The Evolution of Writing


I started writing fiction while I was still up to my eyeballs in a stressful day job. As a matter of fact, I wrote so much non-fiction as a small part of the job I qualified for Professional Writer status through the Canadian Authors Association. After a long day at work, I’d go home and start writing for the pleasure of writing, and not because I had to.

I started thinking the other day about how much my writing process has changed over the years. What got me diverted was the novel I’m currently working on. I’ve started with a beginning and an ending, but the great middle is a dark and unknown continent. I keep having to go back and scatter clues, check spelling of names (characters, highways, etc.) and generally do a massive amount of changing and inserting as I go.

Which brings me to how I used to write a novel.

I’d start with a lined notebook and a pen. I’d fill several notebooks. Then I got an ancient manual typewriter. This was my introduction to white-out. You make a mistake, or decide on a correction on the typewritten page, and voila, bring out the white-out. It came as either a strip you could type on over the change, or a liquid you dripped on the sin, making certain not to put on too much or you ruined your ribbon.

Then I advanced to a second-hand electric typewriter. This was not as difficult for me as for those who might not be able to keep up with the increase in speed. I was, and still am, a two-fingered typist, which suits me just fine. I type at about the same speed as I plot so everything works out.

I won some money on a Grey Cup Ticket (Canadian Football Championship) and went out and purchased a Commodore64 computer, complete with a box of 5” floppy discs. What a great technological leap forward! I still have two novels that never graduated from the 64, but I do have hard copy. Someday I will have to sit down and transcribe them into Word, manually, changing them drastically as I go, being very early works in my writing career.

When I retired from the daily slog, I took up writing fulltime and on a modern laptop too. (Well, it was modern, back then.) Now I can glory in making as many changes as my little black heart desires, check the spelling of my characters’ names, and insert those brilliant chunks of dialogue I create while on my early morning walks.

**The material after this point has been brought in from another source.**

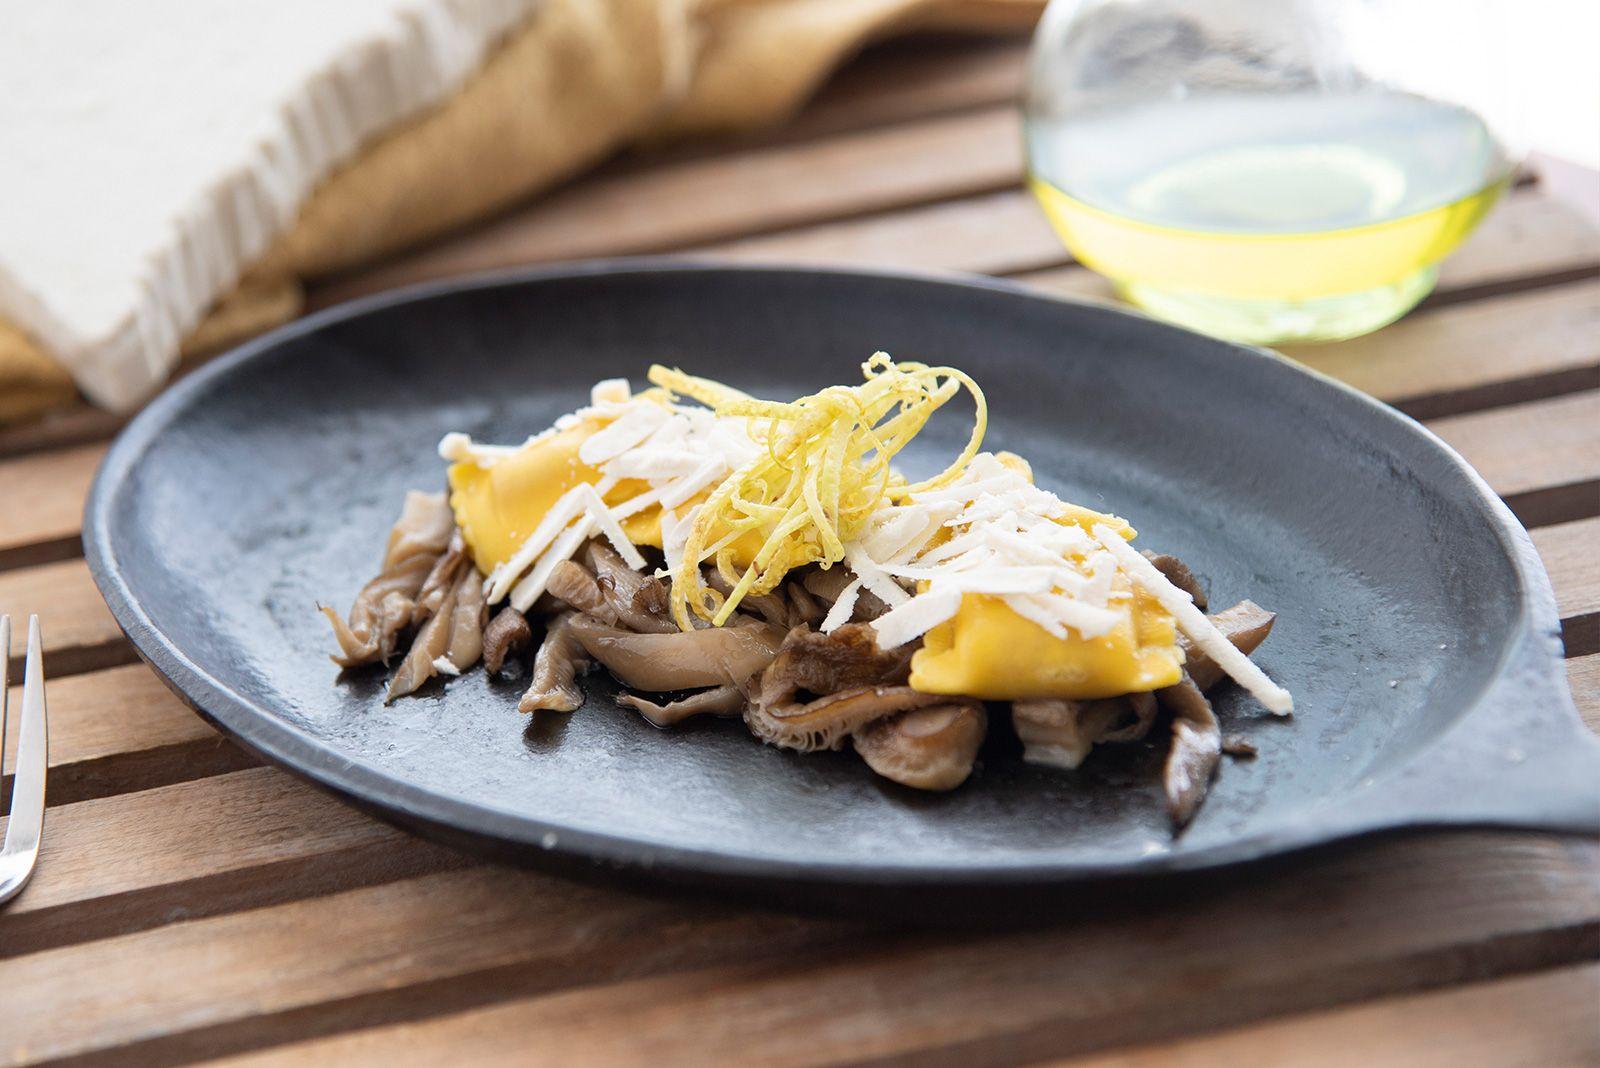 Ricetta Bustini allo speck e provola con funghi plerotus spadellati, limone grattugiato e scagliette di ricotta salata

I still have the handwritten notebooks around here somewhere, and the floppies, although the Commodore64 is hiding in the garage. The typewriters have gone to wherever typewriters go, hopefully not spending their remaining years as boat anchors. I now have three laptops, (one is a little netbook) and can write on the road. Just as well, given the amount of stuff I’ve churned out in recent years. My process has come a long way since those early workbooks. What works best for you?

R.J.Hore
www.ronaldhore.com
www.facebook.com/RonaldJHore

The Dark Lady Trilogy (Volume 1,2,3)
The Queen’s Pawn (Volume 1,2,3)
The Housetrap Chronicles (Volumes 1 to 7 with #8 due out in March)
Alex in Wanderland,
Knight’s Bridge
We’re Not in Kansas
Toltec Dawn (Book 1 of 3)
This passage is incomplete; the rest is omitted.